For a modification, you can qualify based on your documentable total household income. As such, you can count income from almost any source: Grandma’s SSI, income from child day care services, from a second job paid under the table, etc. so long as it can be proved. Proof must be in the form of bank statements, 1099’s or in some other documentable form as outlined in the submission paperwork you will provide the lender. In addition, if only one of two spouses was on the original loan, the other spouse’s income can count so long as it is documentable.

Once you calculate all documentable monthly income from all household sources you then have what you can present to the lender as the new qualifying income. To calculate a qualifying monthly mortgage payment, use the benchmark fully amortizing 5.00% rate on whatever the new balance might be, counting arrearages if they are added back into the loan. WARNING: this is only for a general qualifying exercise only; do not expect this rate or payment! If the payment at 5.00% is just too high, then you may not be an appropriate candidate for a modification. However, you can still request help with other services such as a deed in lieu of foreclosure, a short sale or postponing as long as possible a notice of trustee’s sale in an effort to help you transition to more affordable housing.

Loan Mod Process

Sample Hardship Letter : Using the forensic mortgage loan document audit as basis for pressuring lenders, you will move lenders to take immediate action to stop an impending foreclosure and keep your home safe and place yourself in a better financial situation. This audit reveals various federal and state violations or errors in the original loan documents. Our internal auditing statistics show that four out of every five loans we have audited have significant violations.

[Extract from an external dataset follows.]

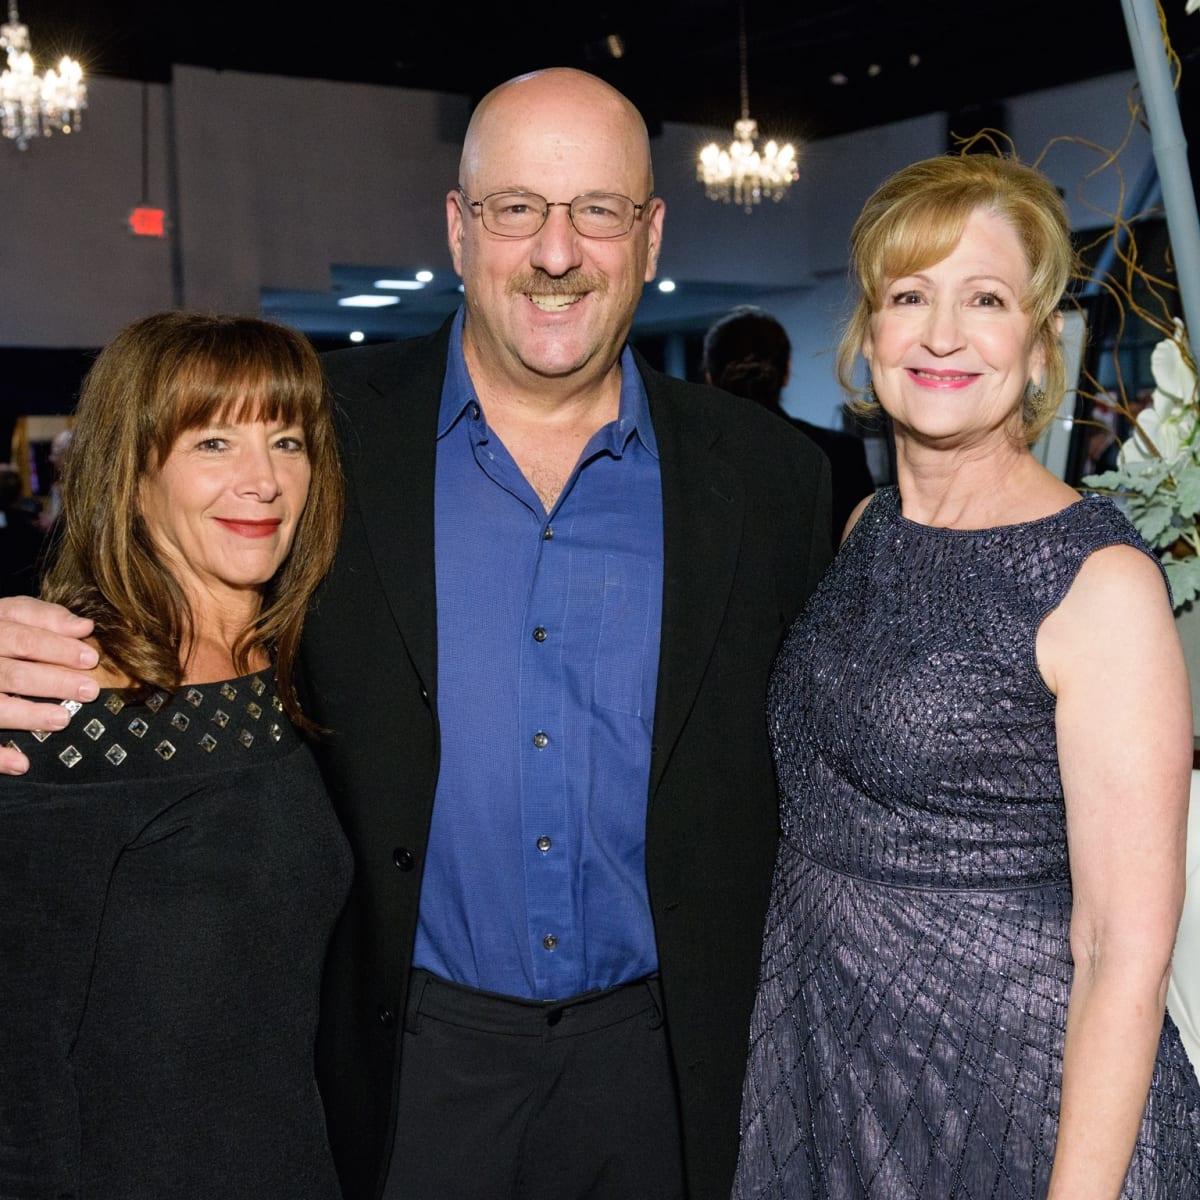 Halo House gala Fran and Lou Kleinman, gala co-chair Dena Wilson
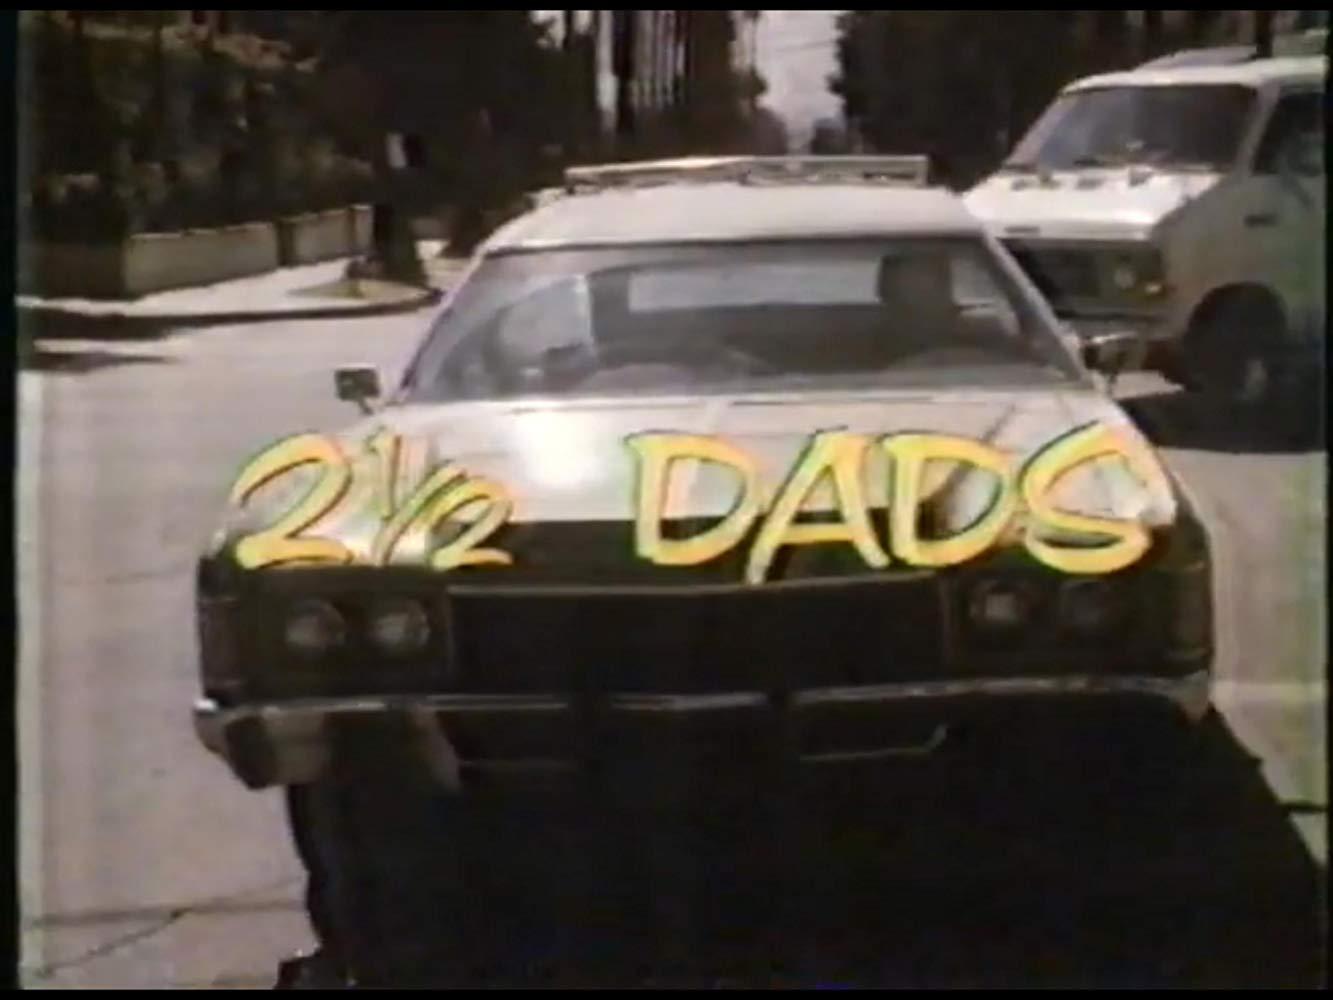 2-½ Dads

In the beginning of the process you will need to send your lender a Qualified Written Request (QWR). The QWR is a formal demand that the lender must comply with under federal law to produce copies of your loan documents within a specified timeframe. Once you have collected all of the required documentation from your lender you can proceed to perform a forensic loan audit. Sample Hardship Letter

Once the audit has been completed and if violations are found a formal request for a loan modification is sent to the lender along with an abundance of highly organized financial information that makes the best case possible as to why you (a) deserve a loan modification and (b) can afford the new payments. This is a long process that requires patience and negotiation skill.

Are Hardship Letters Just for Loan Modifications?

The vast majority of hardship letter sites on the internet are devoted to loan modifications and helping consumers draft hardship letters for them. However, hardship letters are required and can be used for: short sales, credit card debt negotiation, requesting lower interest rates on credit cards and installment loans and a host of other consumer loans.

The reason hardship letters are so effective in recent history is that lenders are having a difficult time keeping their paying clients paying their bills on time. The debt settlement industry is going through an enormous boom at present because of the state of economic affairs in America and all over the world. The moral of the story is that a well crafted hardship letter accomplishes a number of goals:

1.     It puts your lender on notice that they may be losing a great deal of money if they don’t pay attention to you.

2.     It makes your lender understand that you’re not some “run of the mill idiot” that doesn’t care about their finances.

3.     It tells a personal story in a short time frame that loss mitigation agents may connect to personally

4.     If you’re hardship is related to active military deployment or other legally protected statuses, your lender may have to legally come to your assistance.

5.     It establishes a record of correspondence with your lender. This is important if you ever decide to file a lawsuit against your lender.

There are a number of other reasons that hardship letters can help you and they are not all related to loan modifications. If you need a sample hardship letter and you can’t find one on this site then please leave us a comment and we will begin the work of drafting a sample hardship letter that will work for your specific contextures – Just for Loan Modifications?